Советские поэты, павшие на Великой Отечественной войне
Шрифт:
В поэзии конца 30-х годов все настойчивее утверждался бравурный тон, исключающий трагедийность. Тон этот укоренялся исподволь и постепенно. Выступая против упадничества и маловерия, критика подчас ставила под сомнение право поэта на такие чувства, как тревога, тоска, на раздумья, — даже тогда, когда эти чувства и раздумья вызывались вовсе не унынием. Жизнеутверждение, которым от века дышала рожденная революцией поэзия, подчас получало прямолинейное, элементарное истолкование. В статье «Поэзия — душа народа» В. Луговской вспоминает: Как-то А. М. Горький, прослушав мои стихи из второй книги «Большевикам пустыни и весны», сказал, задумчиво поглаживая усы: «А вы думаете, что единственное жизнеутверждающее чувство есть радость? Жизнеутверждающих чувств много: горе и преодоление горя, страдание и преодоление страдания, преодоление трагедии, преодоление смерти.
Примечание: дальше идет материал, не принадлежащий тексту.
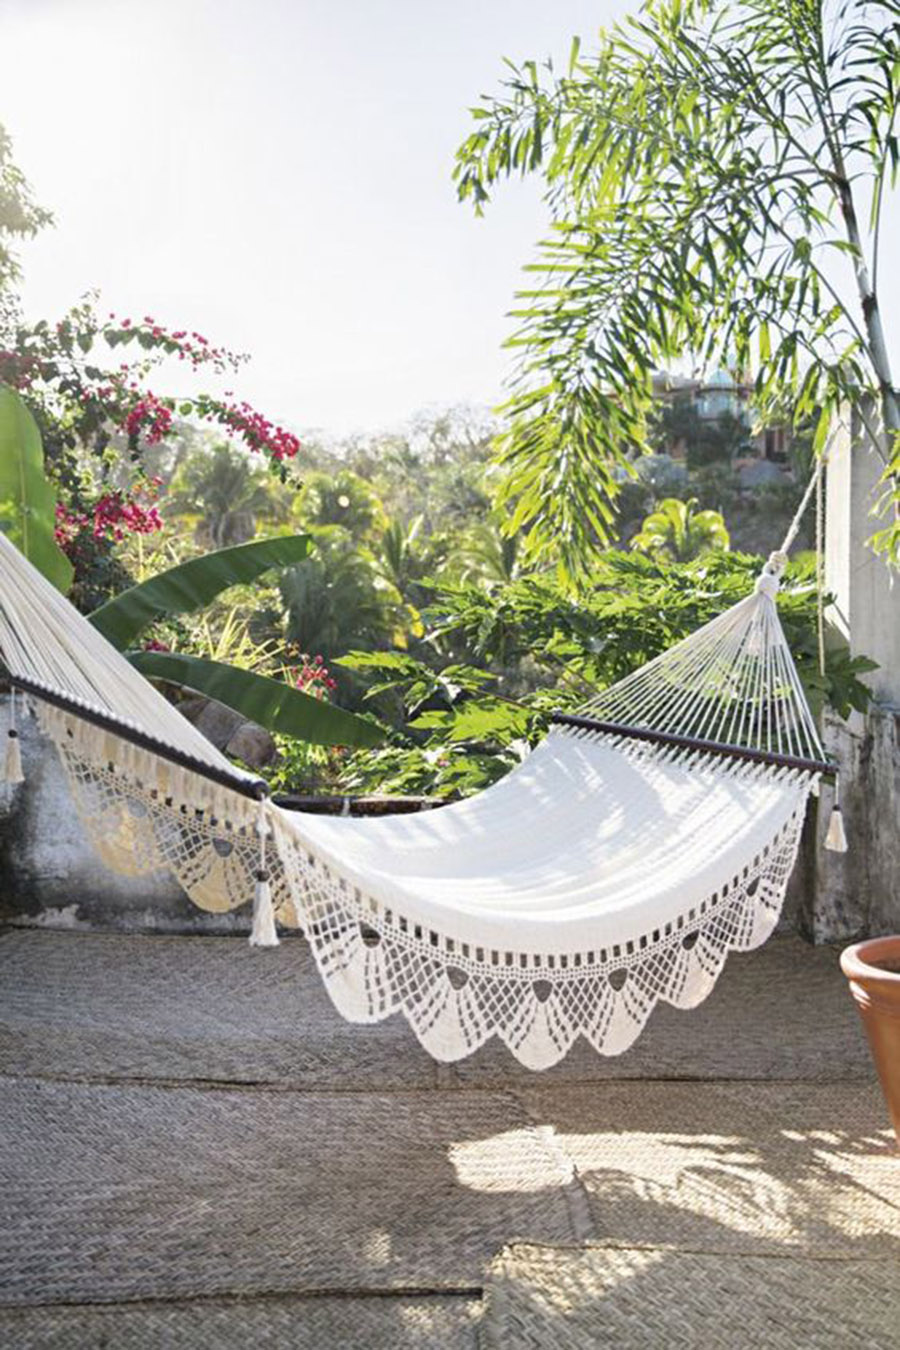 Hammock, Outdoor Home Decor, Patio Ideas, Backyard Inspiration

В руках писателя много могучих сил, которыми он утверждает жизнь» [5] .
5
«Литературная
Проблемы гражданственные, общественно значительные, остро волновавшие поэтов, нередко решались упрощенно, укладывались в традиционные, а иногда и просто шаблонные формы. Эти отрицательные для искусства явления связаны, как мы знаем, с усиливавшимся в предвоенные годы воздействием культа личности Сталина. Здесь нельзя ничего упрощать и делать поспешных выводов. Эмоциональный заряд создавался годами, и годами формировалось мироощущение поэтов. Постепенно один человек становился живым олицетворением самого дорогого и близкого. Советская поэзия, родившаяся на гребне высочайшего народного подъема, порой слабо ощущала народную жизнь, повседневные свершения народа. Такой разрыв неумолимо вел к канонизации однотипных и однообразных средств выражения, к распространению бездумно-бодряческих стихов. Их охотно клали на музыку и превращали в те самые модные песенки, которые Юлиус Фучик в одном из писем обобщенно называл «Спасибо, сердце!» [6] .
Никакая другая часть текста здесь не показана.